What this task involves — How many lines below hold the string "Restaurants"? Report that number alone.

########

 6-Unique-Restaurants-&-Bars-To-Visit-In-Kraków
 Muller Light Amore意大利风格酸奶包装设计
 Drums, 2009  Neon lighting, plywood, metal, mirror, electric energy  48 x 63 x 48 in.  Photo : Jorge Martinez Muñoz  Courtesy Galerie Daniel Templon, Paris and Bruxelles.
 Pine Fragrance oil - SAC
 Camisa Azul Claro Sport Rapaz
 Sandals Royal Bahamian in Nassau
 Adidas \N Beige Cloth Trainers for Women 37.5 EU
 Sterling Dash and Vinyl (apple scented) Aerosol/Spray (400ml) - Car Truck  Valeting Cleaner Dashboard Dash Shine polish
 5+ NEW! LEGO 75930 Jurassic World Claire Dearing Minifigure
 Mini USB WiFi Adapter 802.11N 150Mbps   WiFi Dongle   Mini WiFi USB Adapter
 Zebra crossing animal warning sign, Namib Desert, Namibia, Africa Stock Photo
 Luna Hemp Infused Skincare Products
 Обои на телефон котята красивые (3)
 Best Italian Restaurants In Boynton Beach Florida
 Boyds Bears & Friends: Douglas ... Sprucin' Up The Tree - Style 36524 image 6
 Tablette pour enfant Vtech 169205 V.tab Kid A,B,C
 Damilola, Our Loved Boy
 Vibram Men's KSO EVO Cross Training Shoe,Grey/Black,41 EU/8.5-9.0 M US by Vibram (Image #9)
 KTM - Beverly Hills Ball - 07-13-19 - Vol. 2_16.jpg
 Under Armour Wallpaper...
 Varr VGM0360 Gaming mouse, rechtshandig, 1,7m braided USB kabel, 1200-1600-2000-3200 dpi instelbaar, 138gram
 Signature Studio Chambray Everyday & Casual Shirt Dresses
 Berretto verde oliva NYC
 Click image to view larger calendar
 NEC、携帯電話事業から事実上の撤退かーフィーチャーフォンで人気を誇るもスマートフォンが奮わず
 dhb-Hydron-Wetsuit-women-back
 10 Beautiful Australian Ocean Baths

########

Solution below — 2